BEGIN

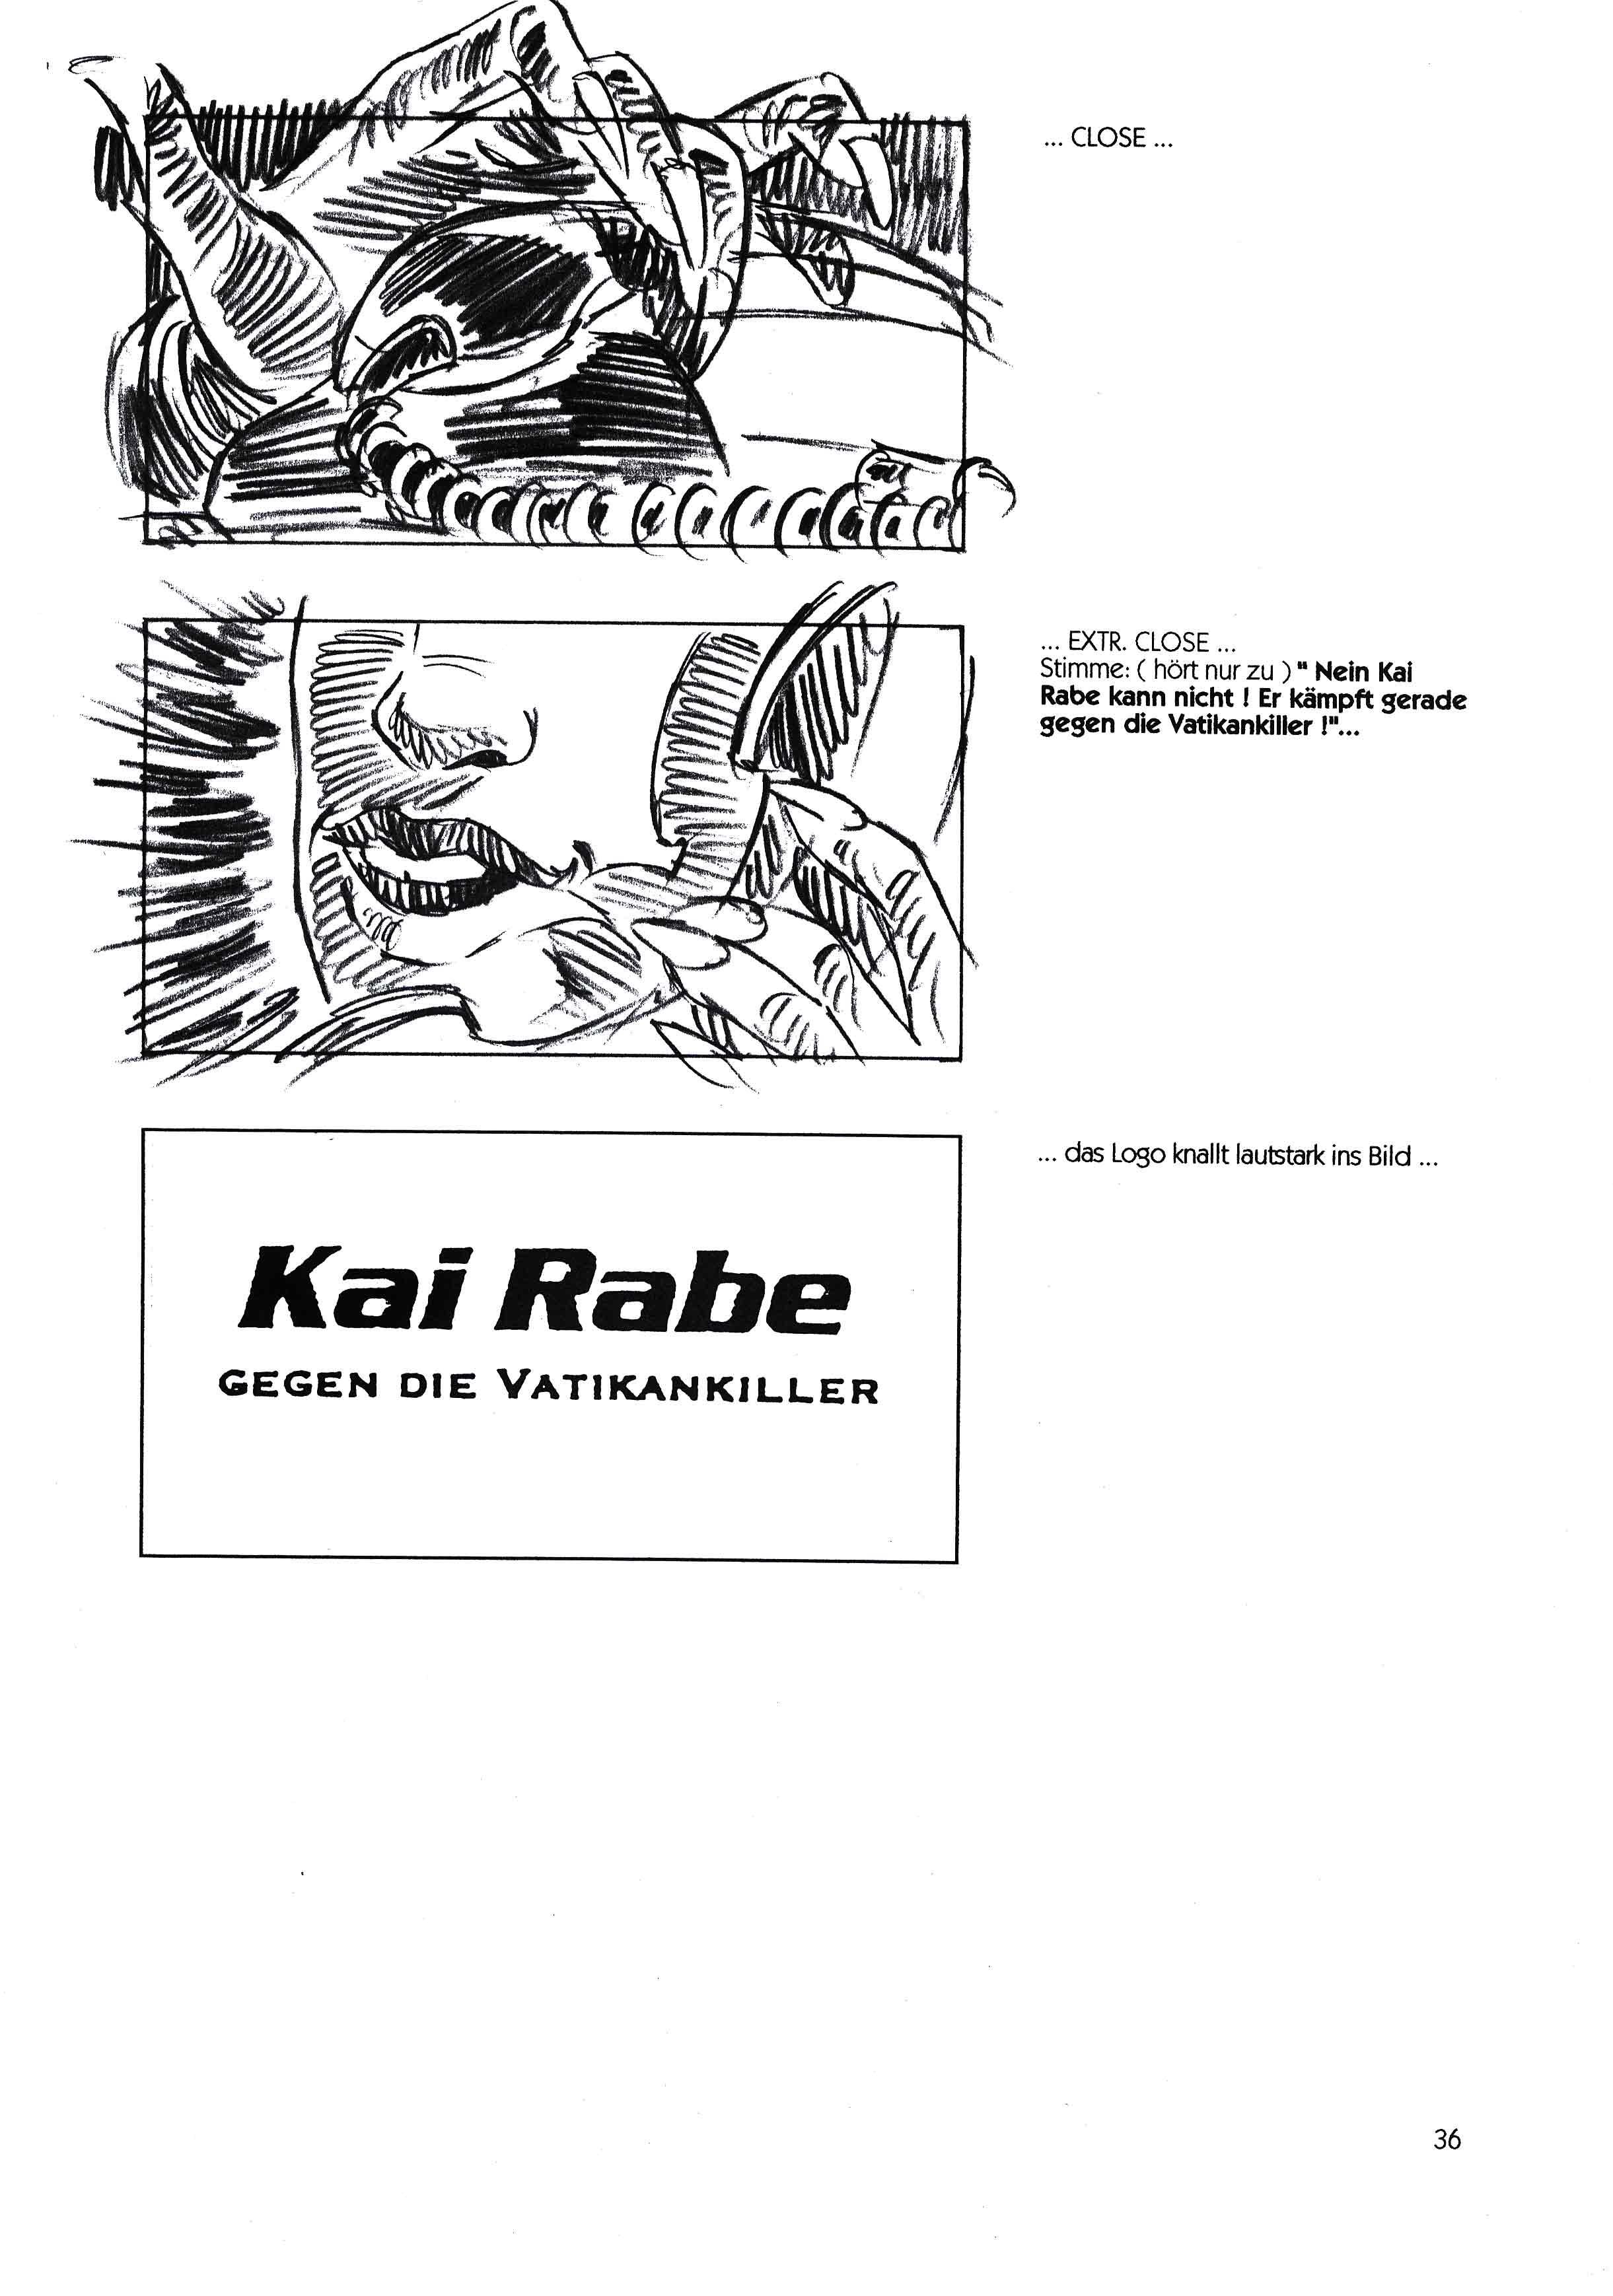 06kairabe-god2-05
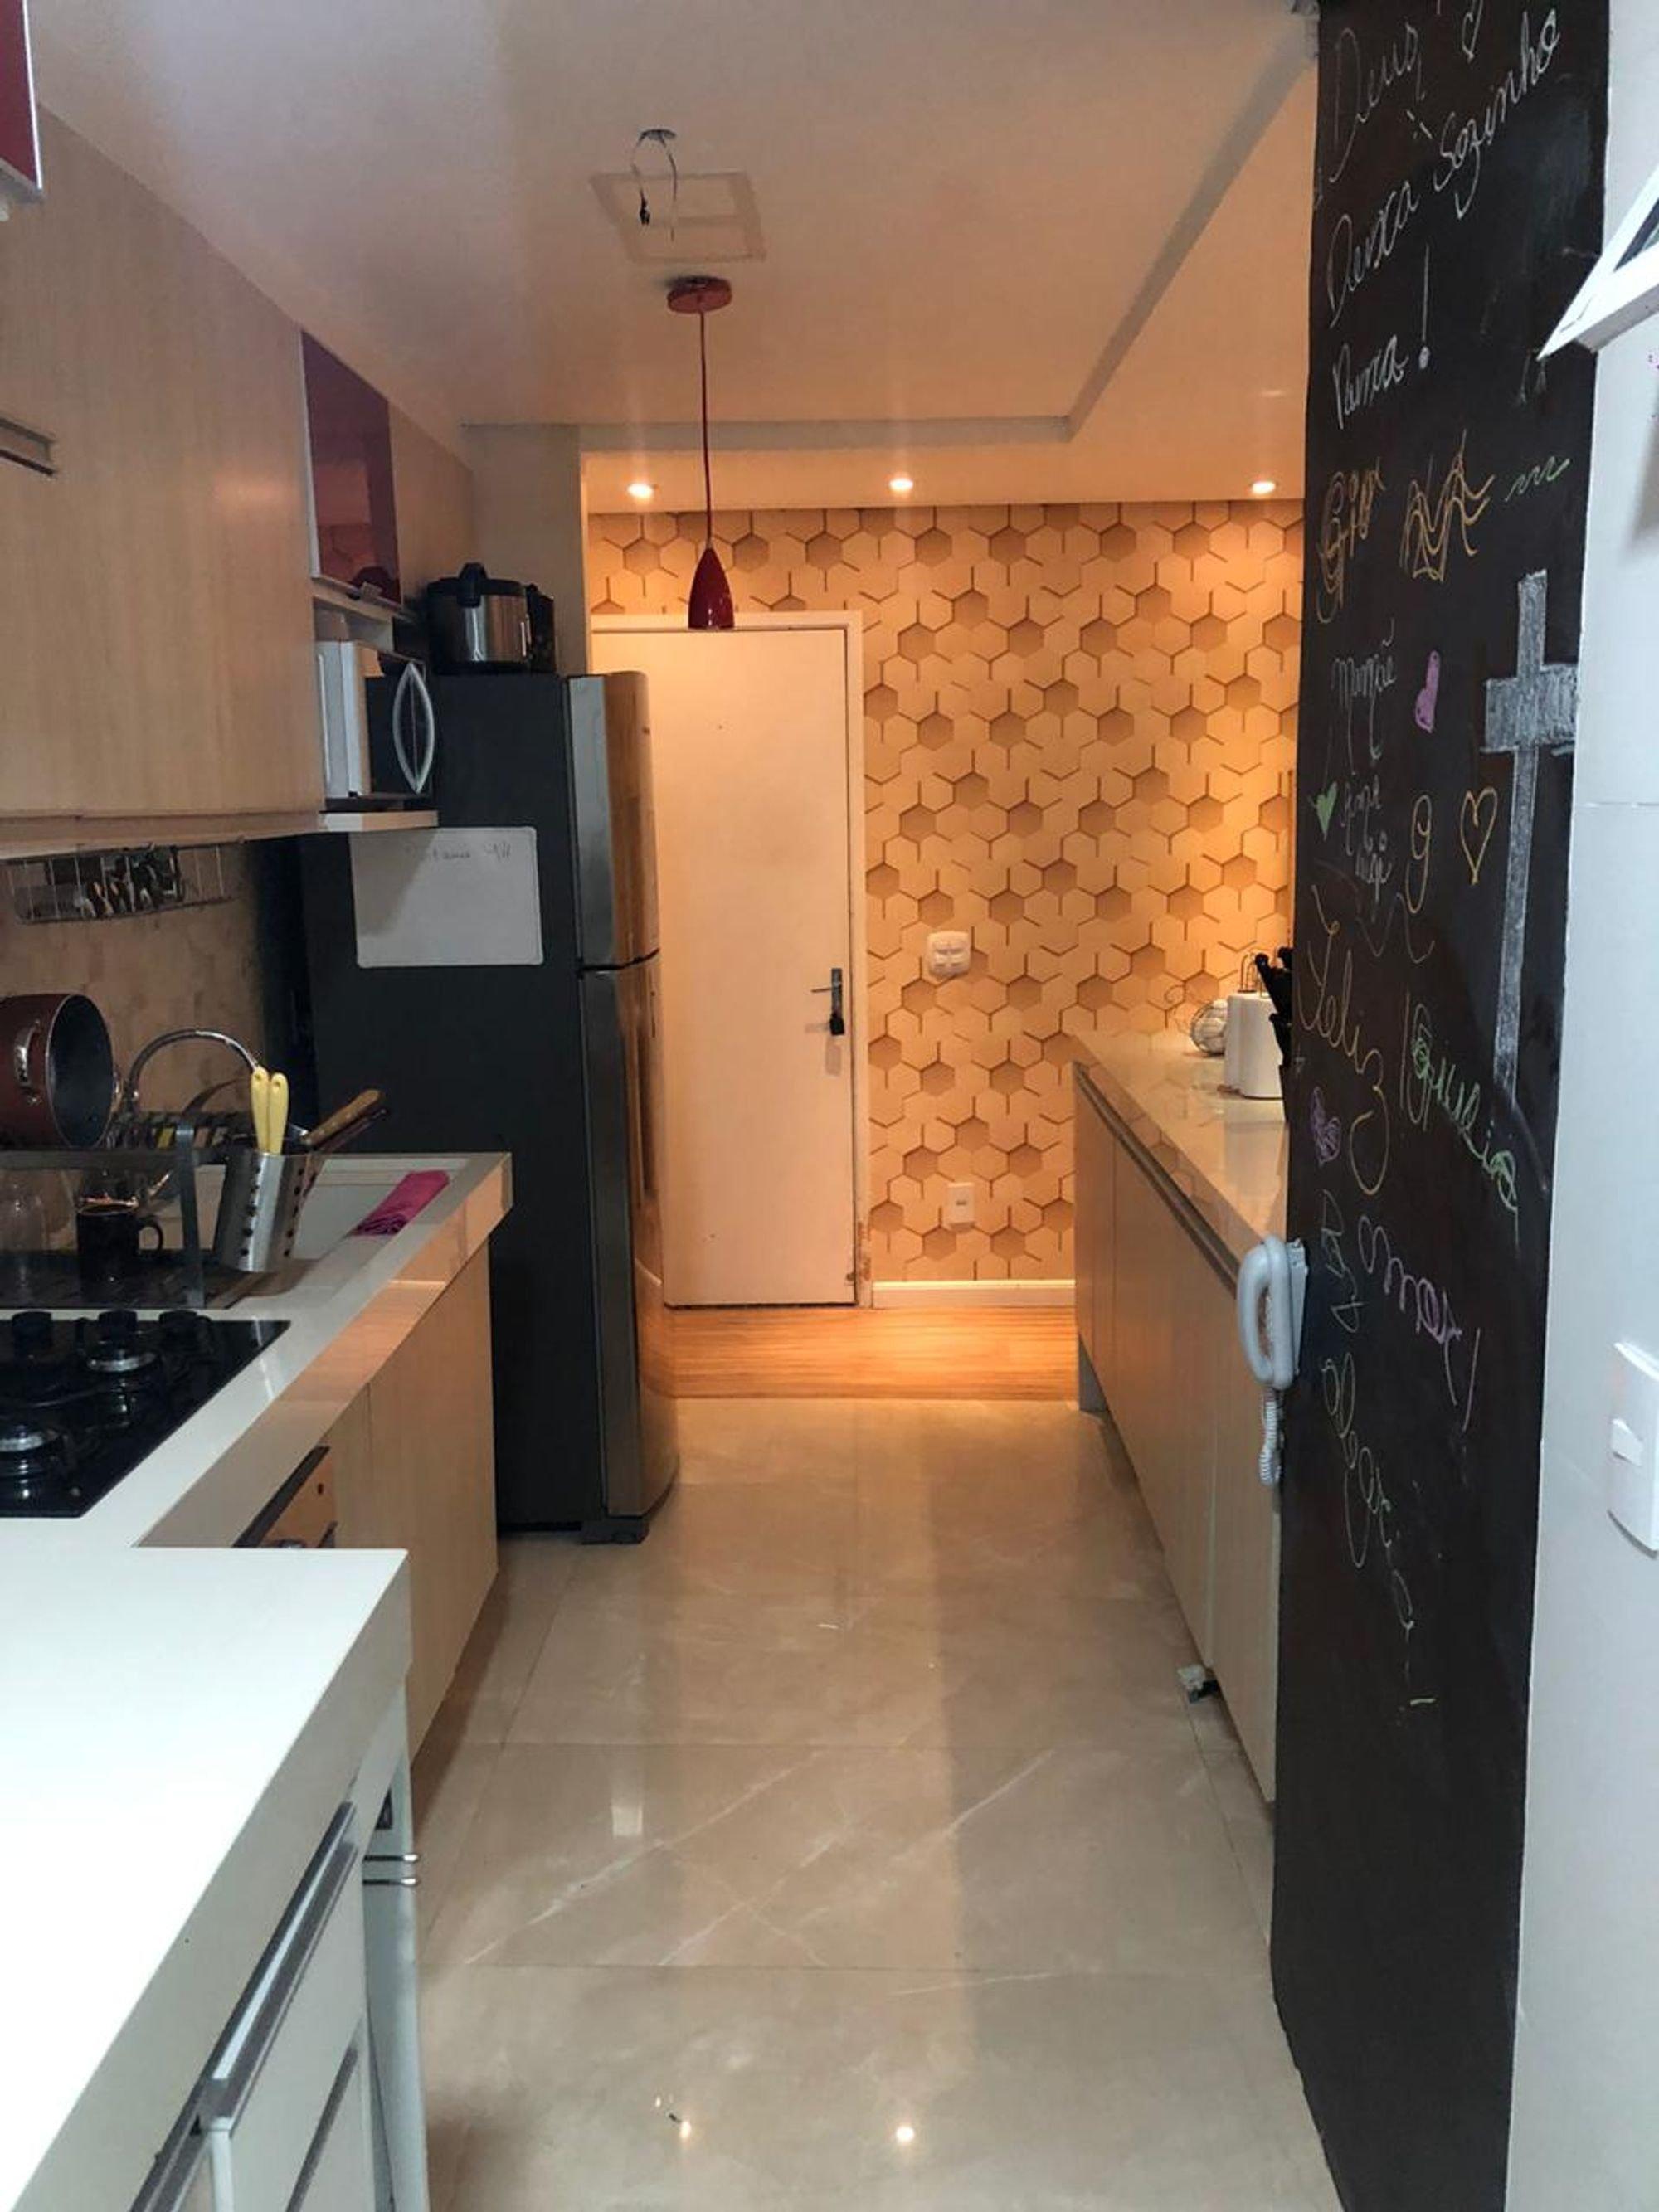 Foto de Cozinha com geladeira, xícara
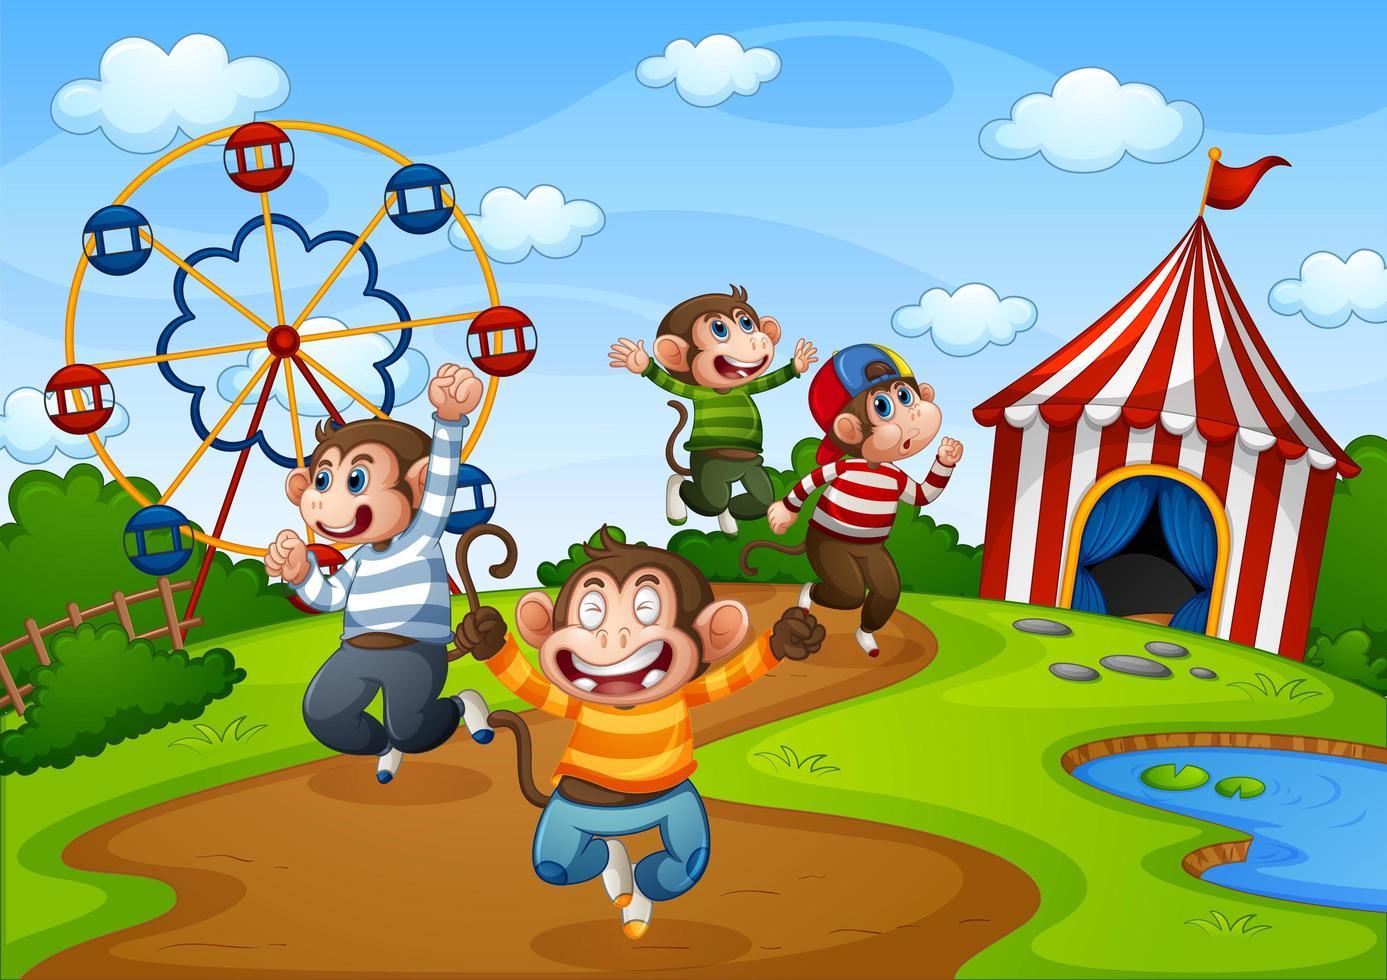 singes sautant dans la scène du parc d & # 39; attractions vecteur

END

→ ASSIGNMENT
Output all of the data exactly as it stands, minus any images.

→ YOUR SOLUTION
 06kairabe-god2-05
 Foto de Cozinha com geladeira, xícara
 singes sautant dans la scène du parc d & # 39; attractions vecteur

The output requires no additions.